SDK Integration
MagicMD already provides a Python SDK. You do not have to shell out to the magicmd command when building a backend, CMS, scheduled job, or Agent runtime. Your Python code can import MagicMD directly and receive structured conversion results.
Use the SDK when:
- A user submits an article URL inside your product.
- A background job converts articles and stores them in a database.
- A CMS, Django app, HaoGit-style system, or custom publishing pipeline needs Markdown, metadata, and local media.
- An Agent workflow needs title, Markdown, source data, warnings, and an extraction report.

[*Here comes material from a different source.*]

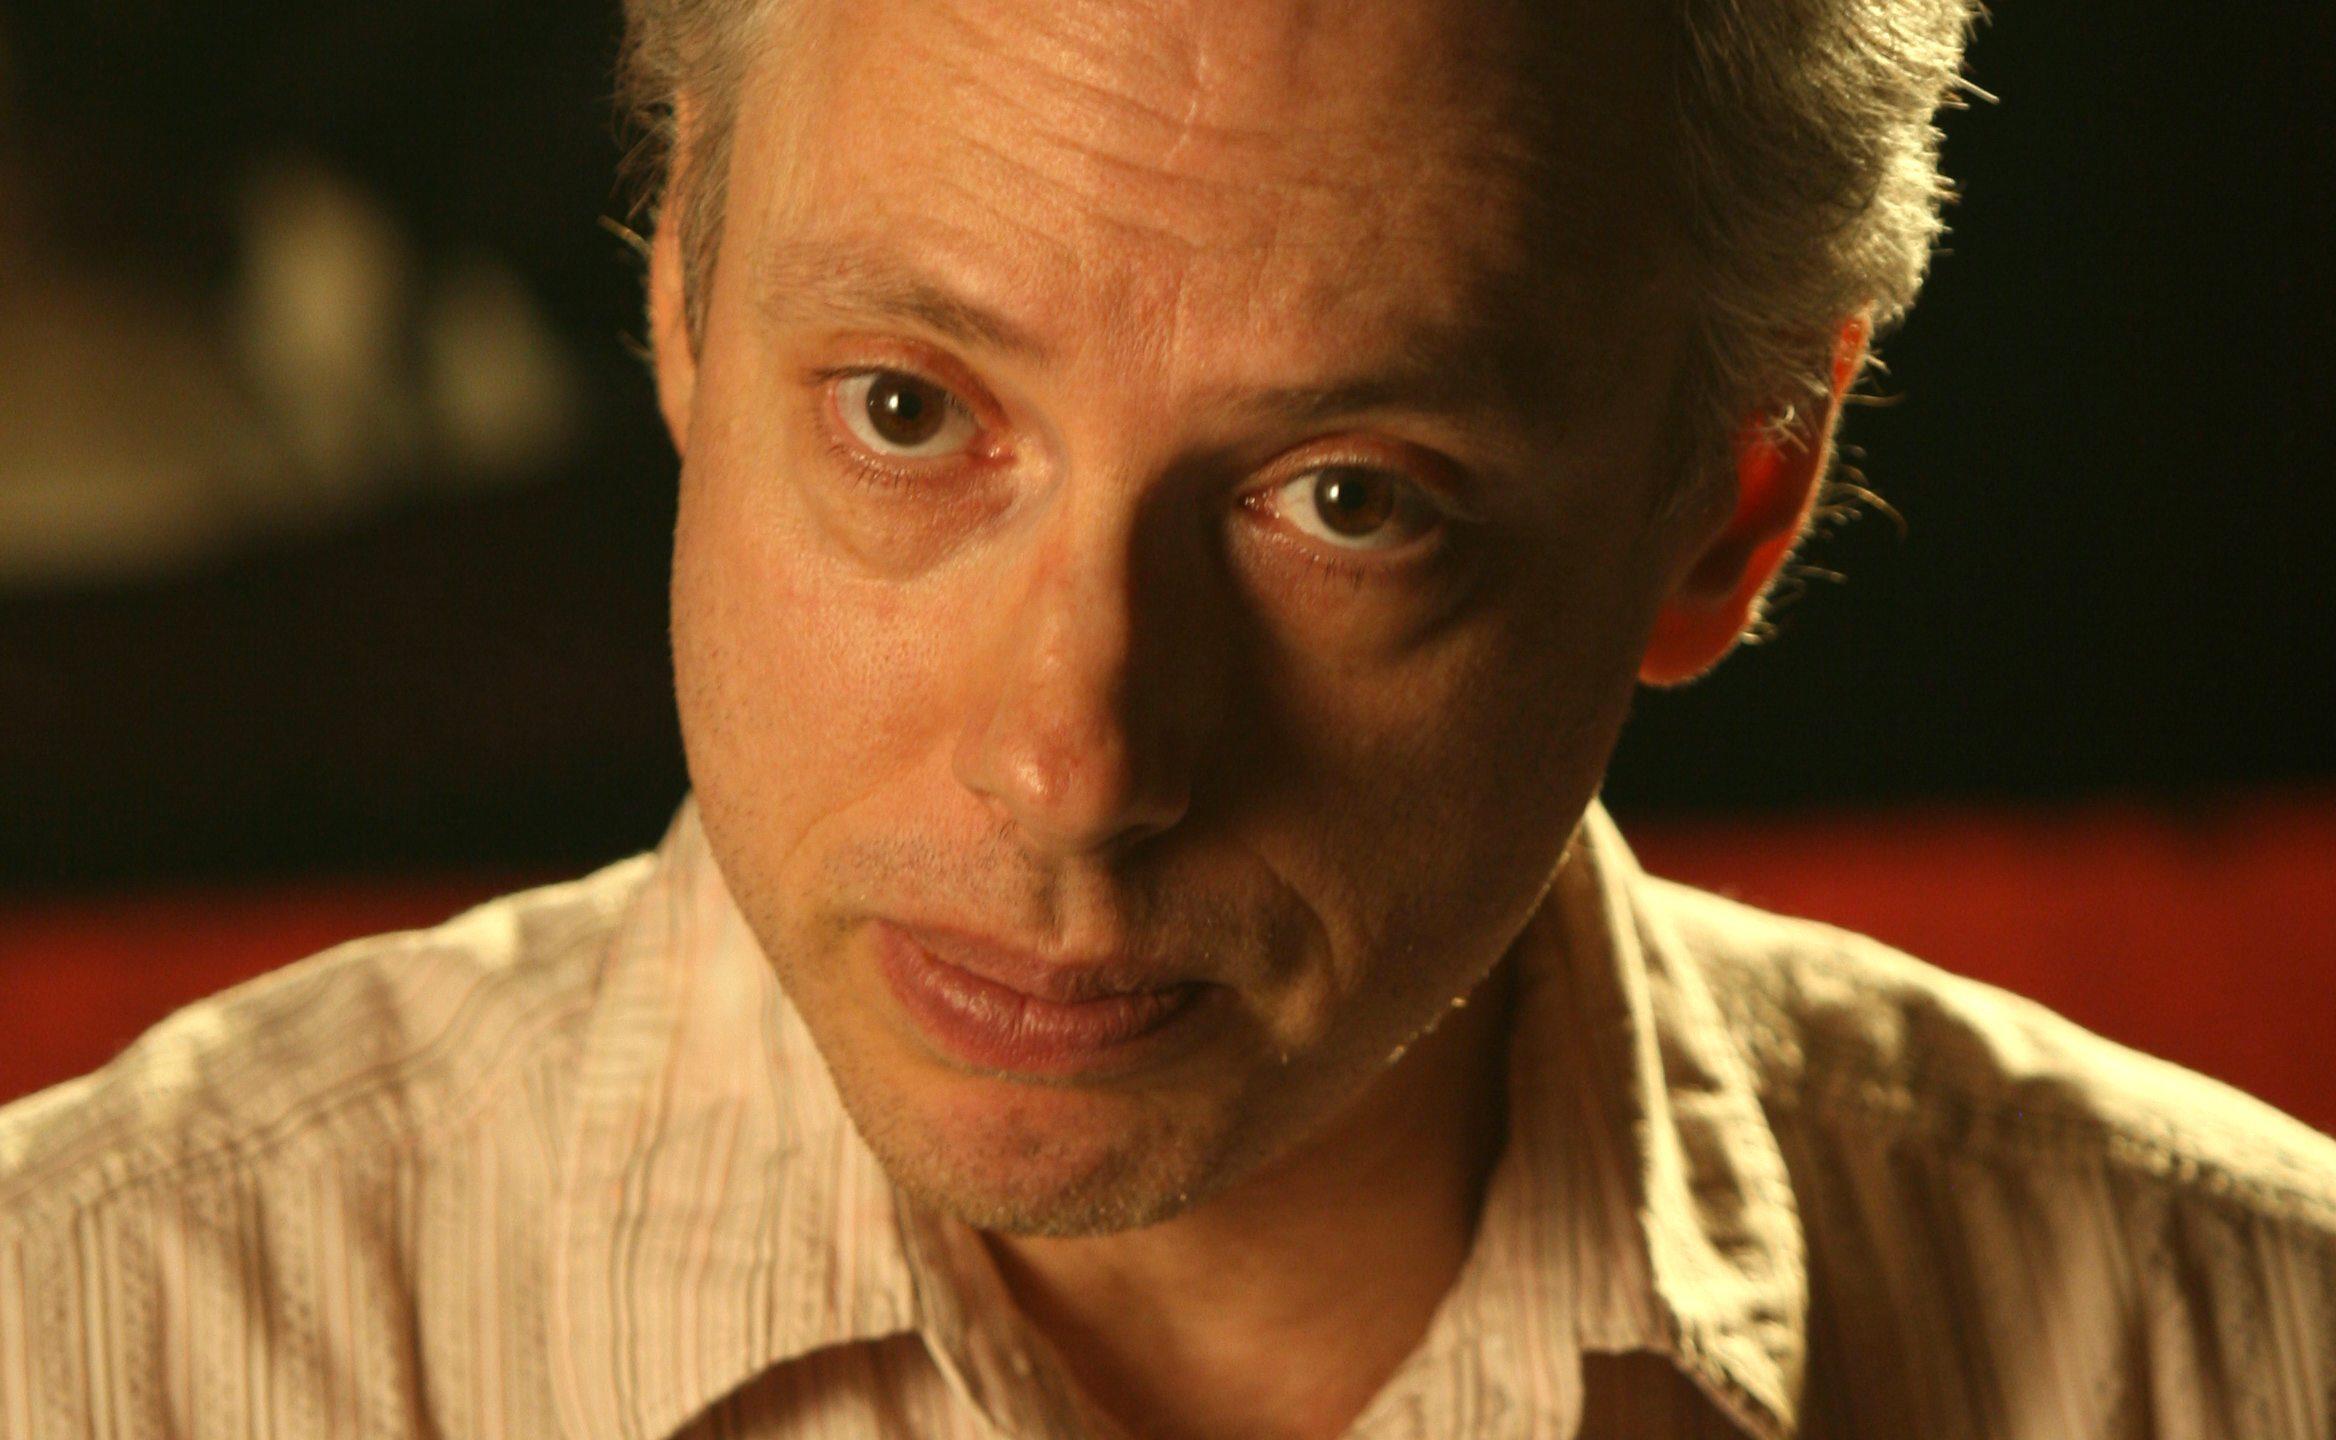 Un archétype de réalisateur juif-américain, dont les films sont disponibles un peu partout.

If you are manually converting articles, start with Quick Start. If you are integrating MagicMD into another Python project, use this page.
Install
Install MagicMD in your Python project:
uv add magicmdOr use pip:
pip install magicmdMinimal Call
Return the conversion result in memory without forcing a package write:
from magicmd import convert_article
result = convert_article(
url="https://mp.weixin.qq.com/s/example",
output_dir=None,
)
print(result.title)
print(result.markdown)
print(result.metadata)output_dir=None is useful for previews, deduplication, review queues, or direct database writes. In this mode, images are not downloaded locally.
Write a Package
If your system needs local images, reports, or a human-reviewable package, pass output_dir:
from magicmd import convert_article
result = convert_article(
url="https://juejin.cn/post/example",
output_dir="output/import-workdir",
download_images=True,
)
print(result.package_dir)
print(result.images)
print(result.report)This writes the same package shape as the CLI: article.md, metadata.json, extraction-report.json, and media folders.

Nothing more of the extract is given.